Butts exhorted Sanderson workers to “look at this crisis as [an] opportunity to serve,” adding that “we need to come together as a Company and a Nation, and continue to provide the critical supply of food that we all need.” Butts assured workers that the company, “in consultation with physicians, is taking aggressive steps to limit the possibility of your being exposed at work.” 

On March 27, the company announced a $1 per hour “attendance bonus,” to “show our appreciation for their hard work and contribution to maintaining the U.S. food supply during this critical period.” The press release added: “Employees must have perfect attendance during the week in order to earn the bonus.” 

At an April 7 press conference, Vice President Mike Pence echoed Butt’s message about food system workers’ duty to keep working. Noting that concern among food industry workers for their safety had led to “incidents of worker absenteeism,” Pence addressed them directly: “You are vital,” he declared. “You are giving a great service to the people of the United States of America and we need you to continue, as a part of what we call our critical infrastructure, to show up and do your job.” In return, Pence said, the government will “work tirelessly” to ensure safe workplaces.

But as COVID-19 rips through the meatpacking industry, leading to temporary closures and fear of more deaths, the poultry workers I talked to said they don’t feel sufficiently protected from the virus. Because of their low wages—they earn a median hourly wage of $13.23, according to the Bureau of Labor Statistics—they live on the economic margins, relying on their most recent paycheck to pay bills.
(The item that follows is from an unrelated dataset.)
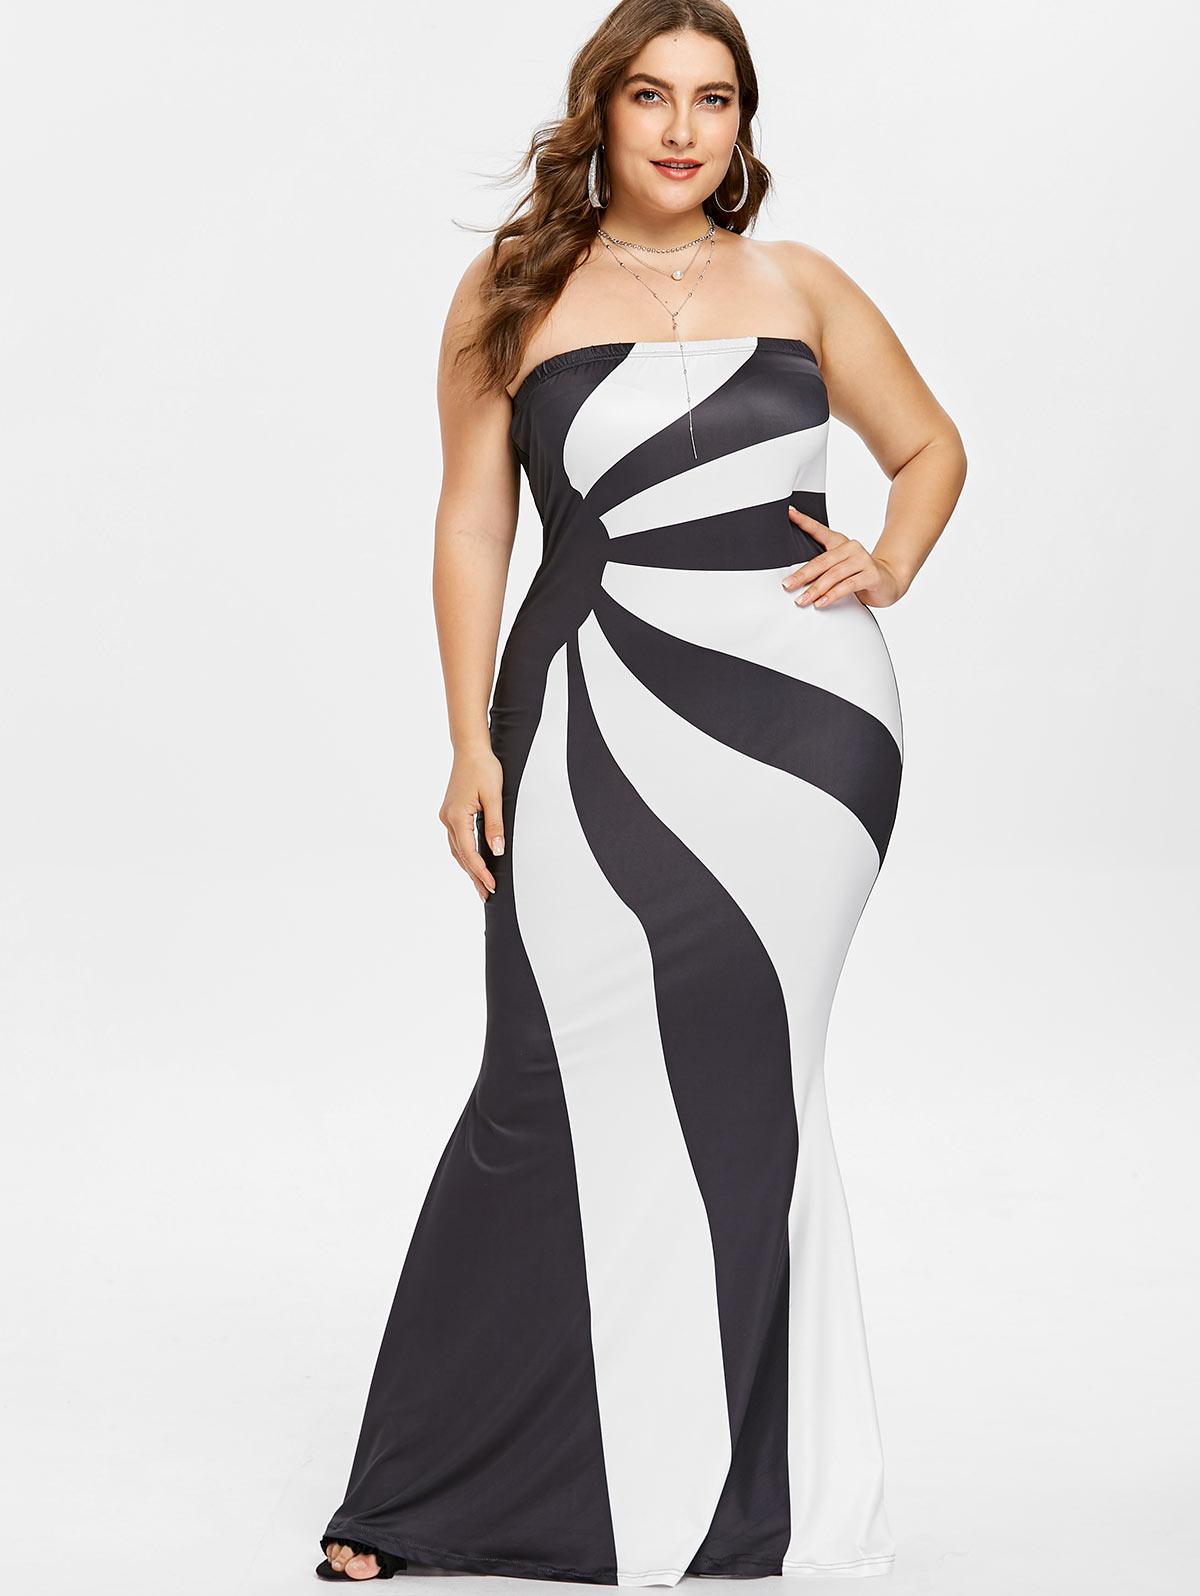 Wipalo Plus Size 5XL Women Color Block Floor Length Bandeau Dress ...
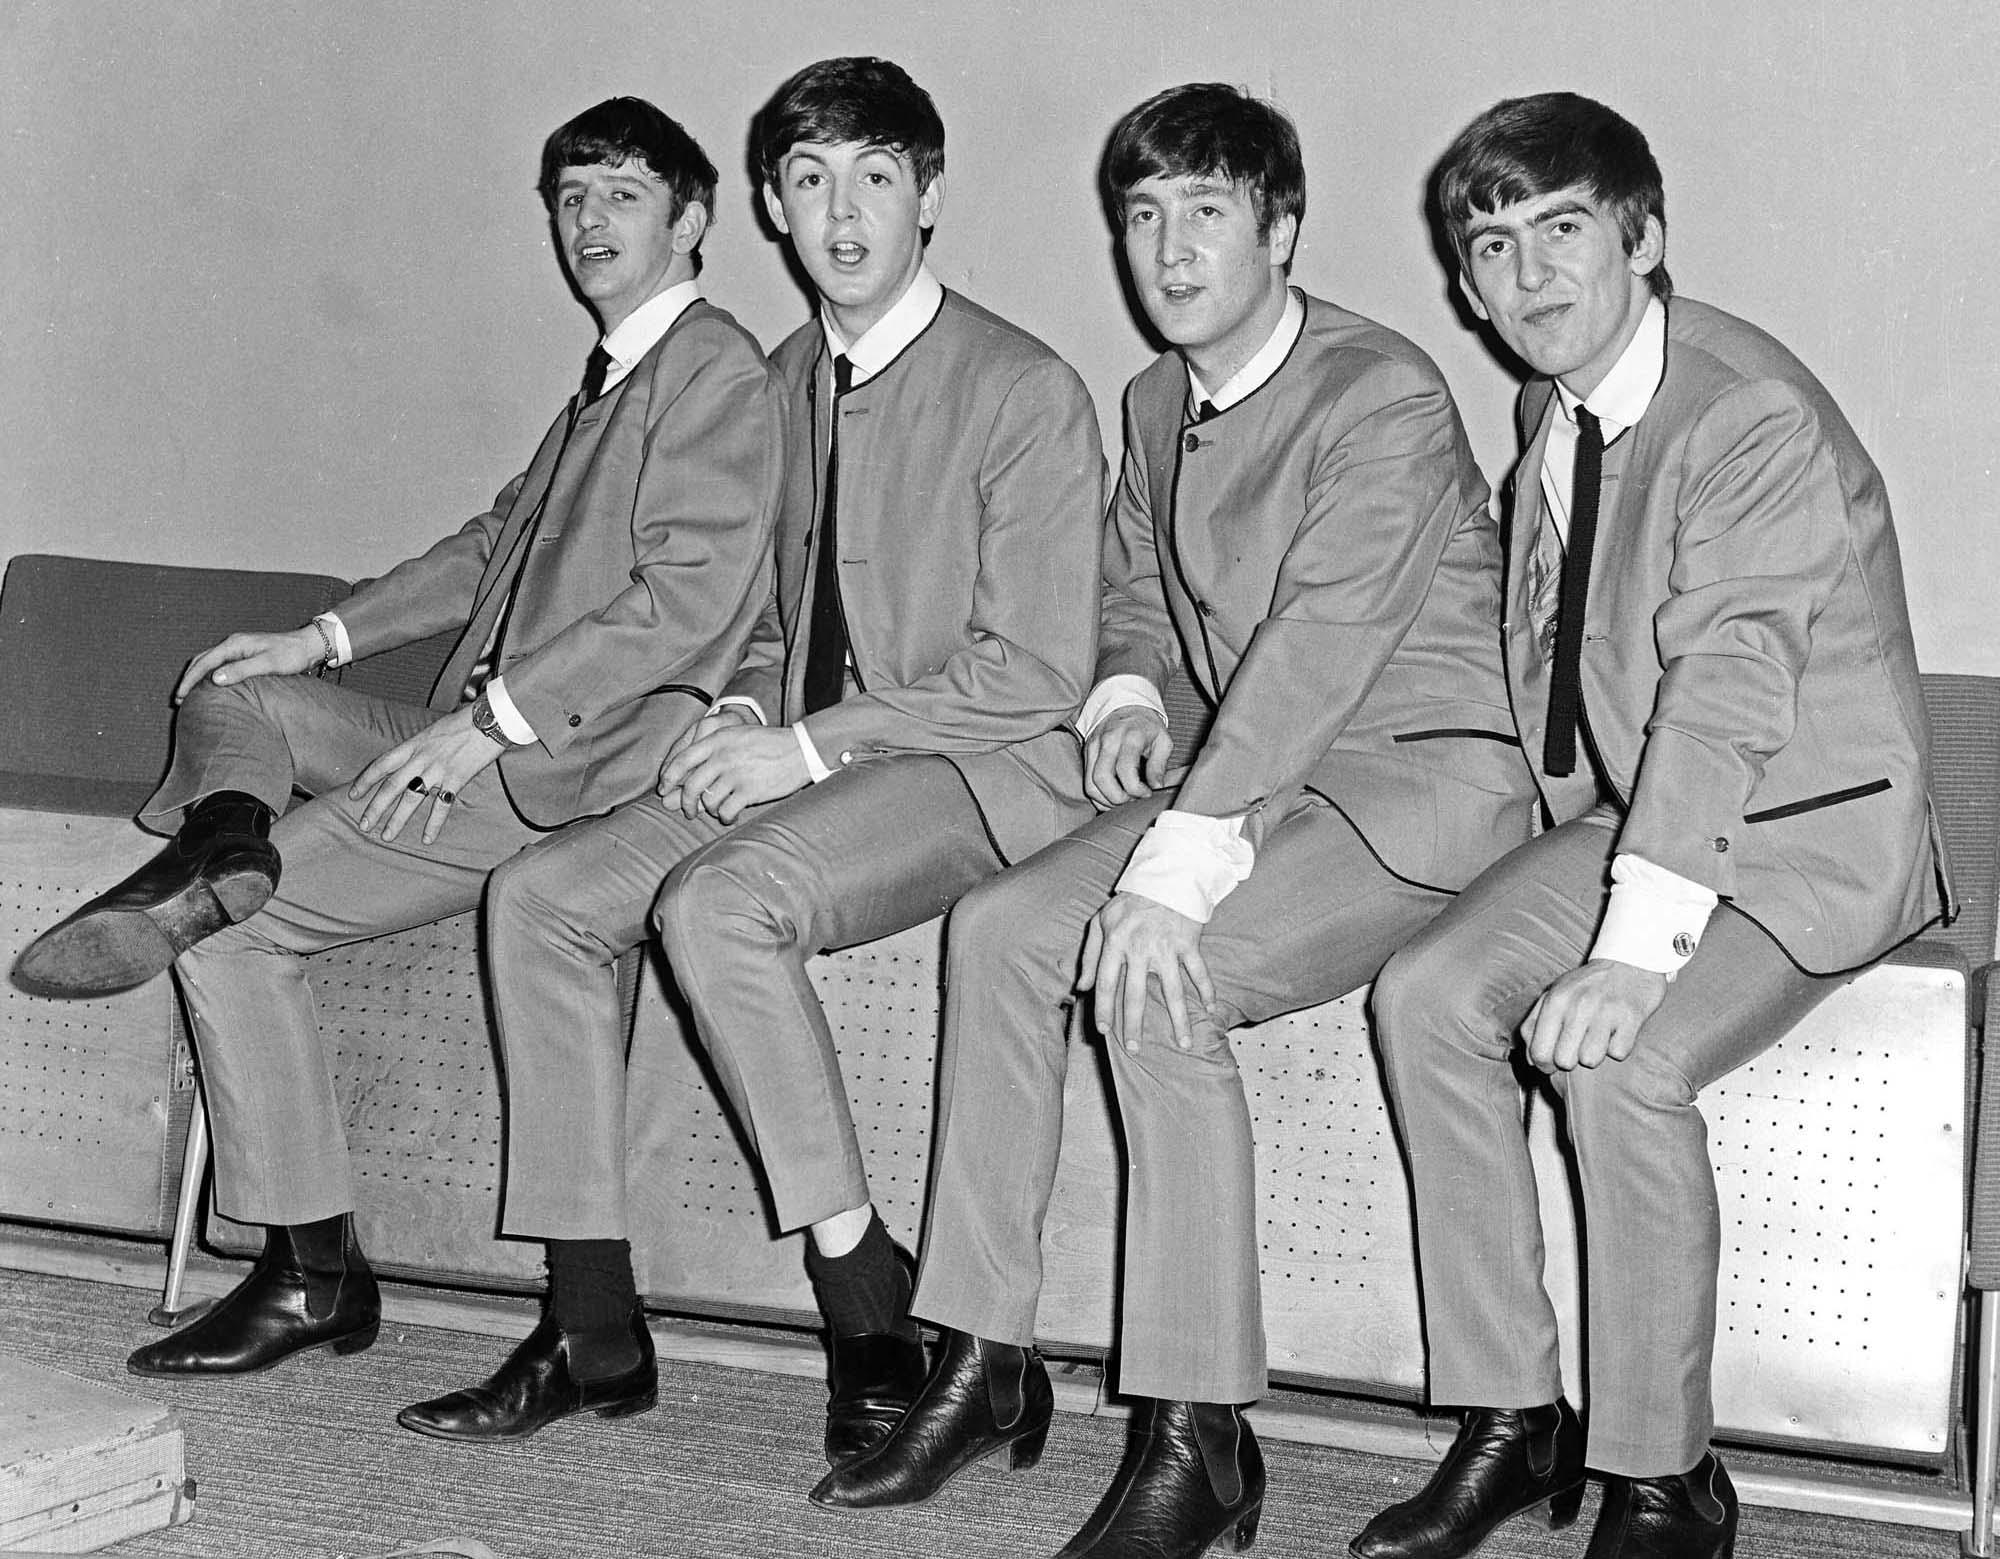 Beatles #1

Many of them are undocumented immigrants and don’t have access to unemployment benefits or the $1,200 per worker emergency benefit embedded in the recent stimulus bill.

So the people who power our steady supply of chicken do so at an even higher level of stress than usual. Laura, the worker in Arkansas, told me that she and her coworkers are convinced that if an infected person does enter the facility, “one way or another, we’re all going to get sick with this disease.”